I learned an interesting word on the Internet a couple of years ago: kayfabe.

It’s a carney term, transplanted in later years to professional wrestling. It means to always keep up the illusion, and never allow a moment’s candor to reveal it’s all an act.

Pro wrestlers who’ve been out of the business for years will still swear it was all real: the grudges, the death cage matches, the ‘loser leaves town’ matches. Until WWF owner Vince McMahon decided to blow kayfabe all to hell, rare was the pro wrestler who would admit anything about the business was less than completely genuine.

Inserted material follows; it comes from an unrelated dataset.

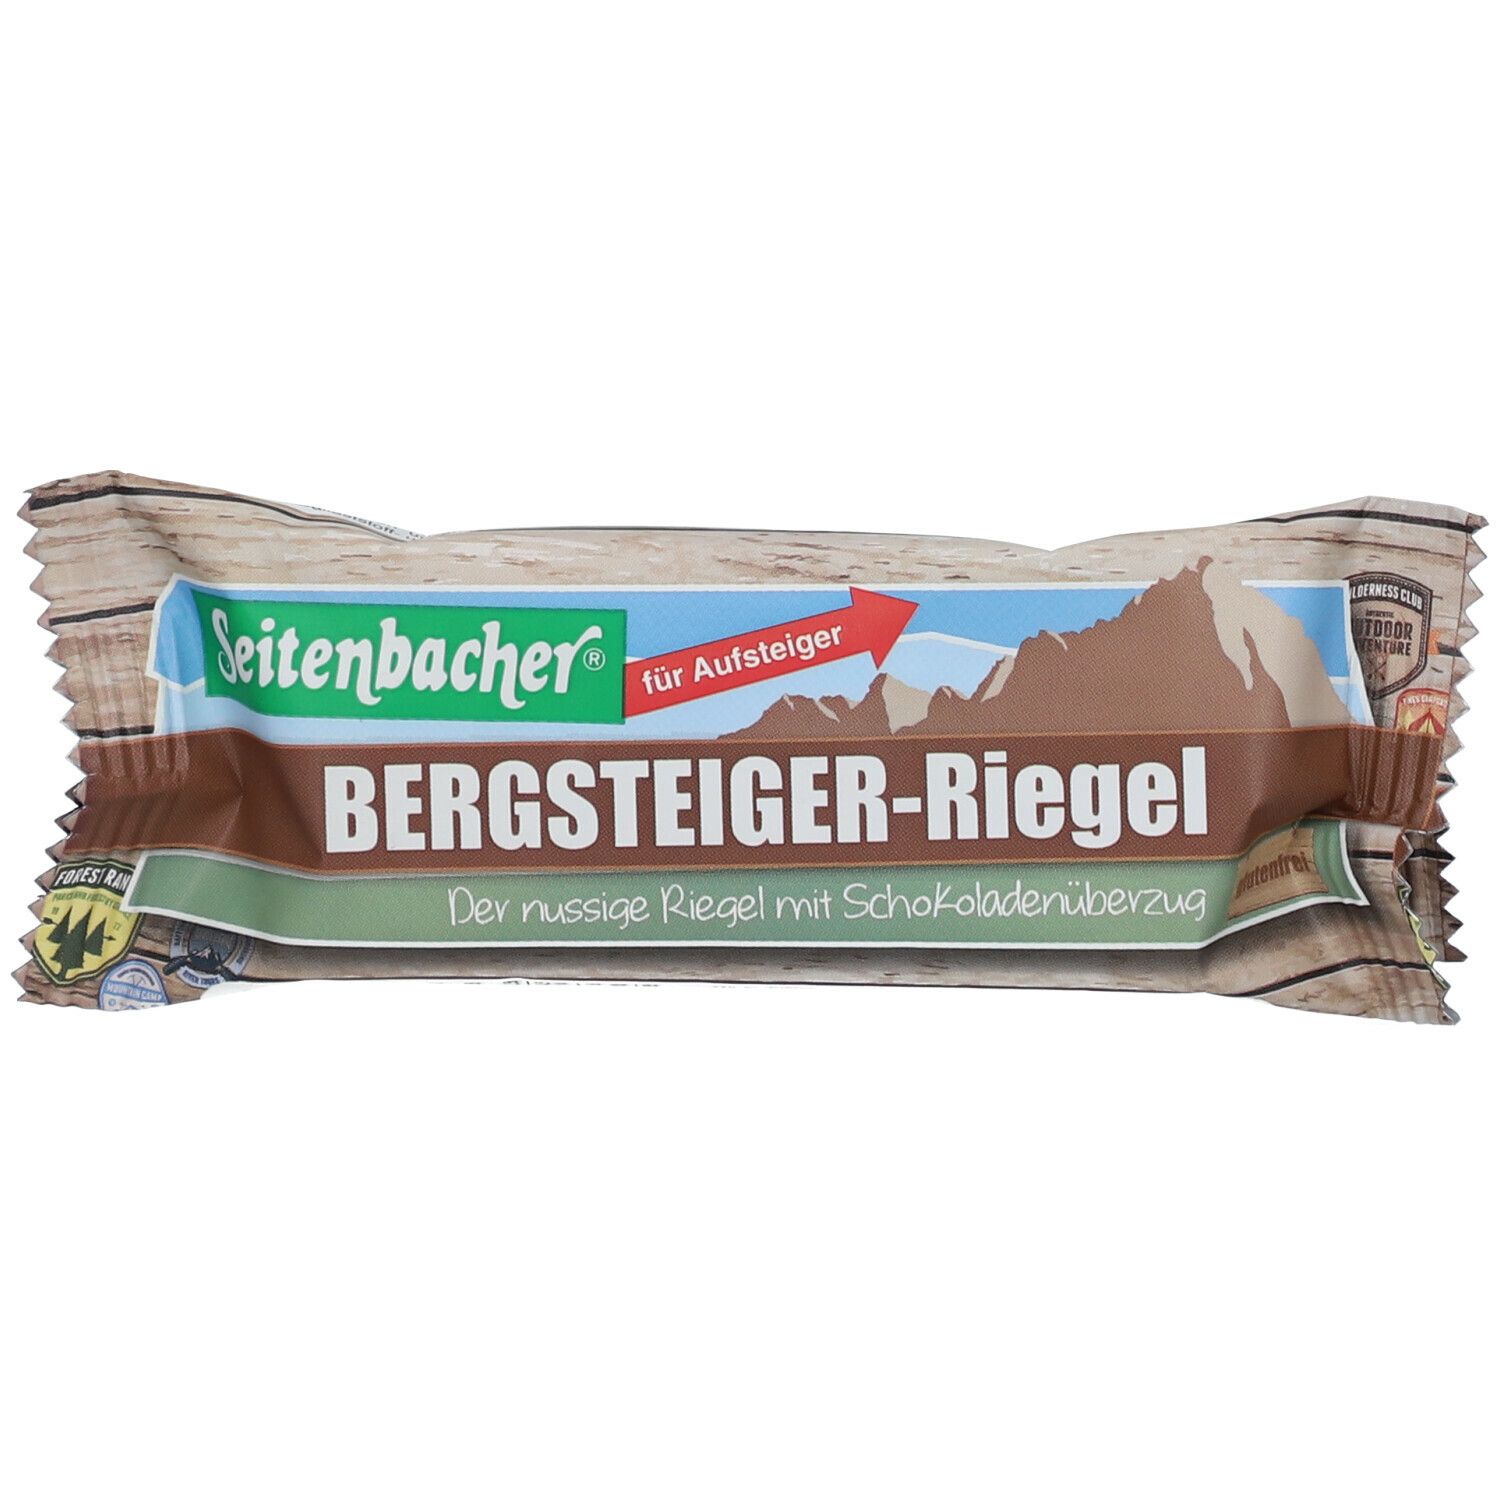 Seitenbacher® Bergsteiger-Riegel
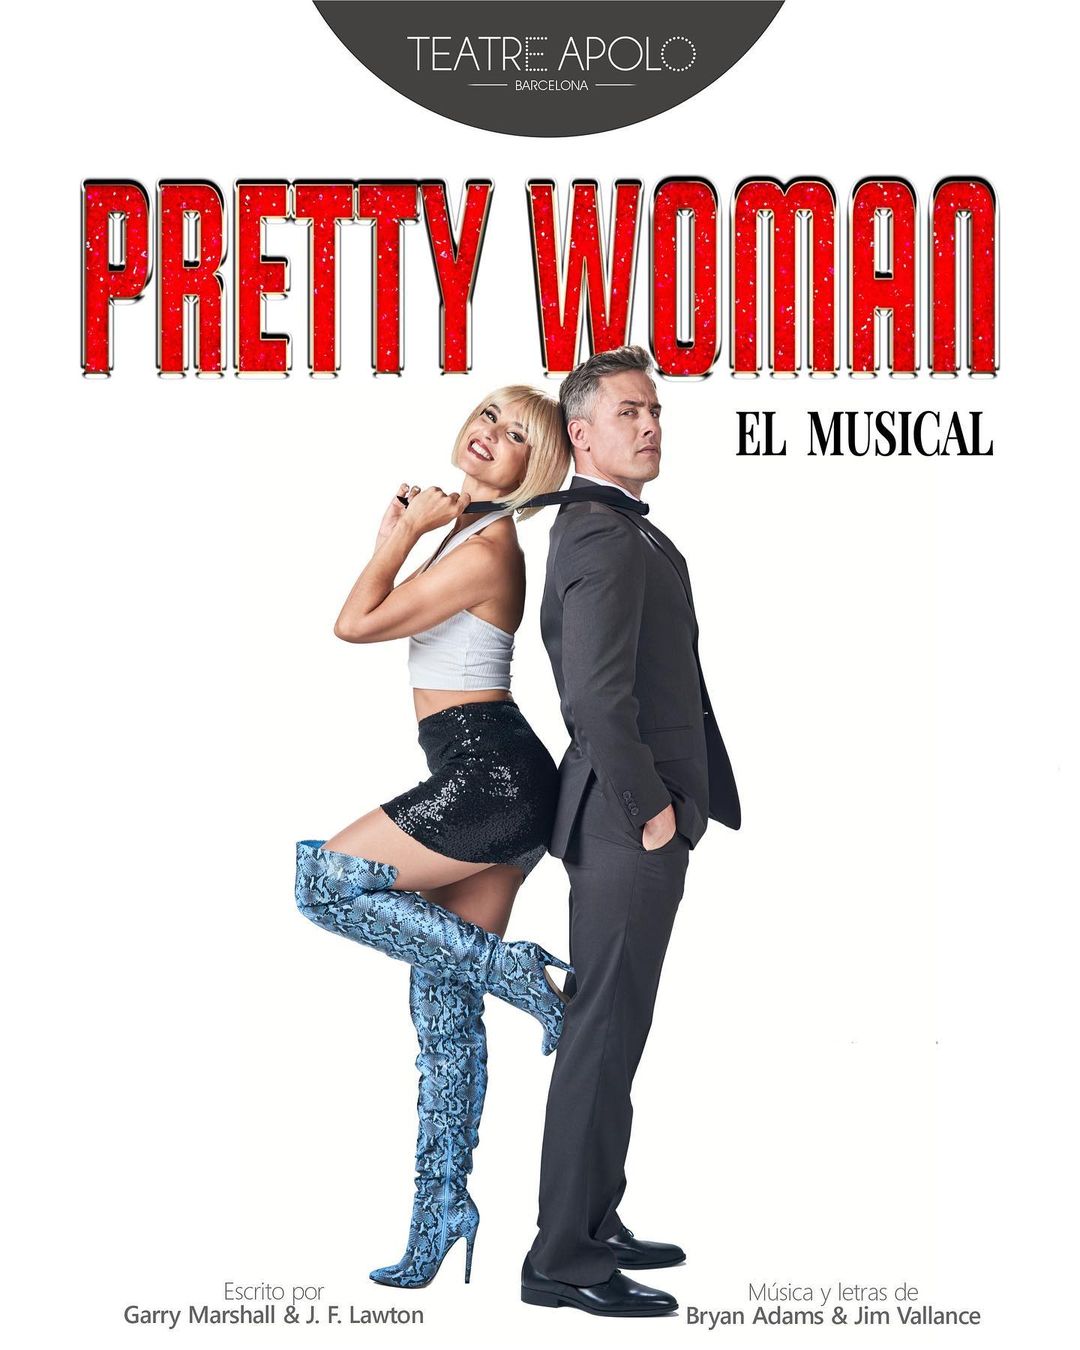 “Pretty Woman, el musical” – Últimas semanas

(An aside: what the hell was John Stossel thinking when he confronted pro wrestler ‘Dr. D’ Schulz and asked him to admit he was a fake? What did Stossel think the guy would do — scuff his toe on the floor and say, “Aw, gawrsh, Mister Stossel. Ya got me red-handed”? Or maybe he would blame his producer.

Of course the guy beat the crap out of him. I would’ve probably done the same thing.)

McMahon may be willing to blow his own cover, but television news still sticks to its illusions. Sometimes, it’s forgotten they are illusions. I’ve known news directors who genuinely believed their anchors were covering a half-dozen stories a week, just because they saw promos saying they did — even though they hadn’t seen the anchors themselves set foot out of the newsroom in six or seven years.

As a friend of mine, still in the business, once said: “They lie to the viewers, they lie to us, they lie to each other, they lie to themselves. And they’ve been lying for so long, they’ve forgotten what the truth was to start with.”

These essays and anecdotes are a form of ‘breaking kayfabe.’ Those of you currently, or formerly, in the business will see little or nothing that surprises you. As for the rest of you, if it’s too tough to bear, maybe there’s a Seinfeld rerun on somewhere.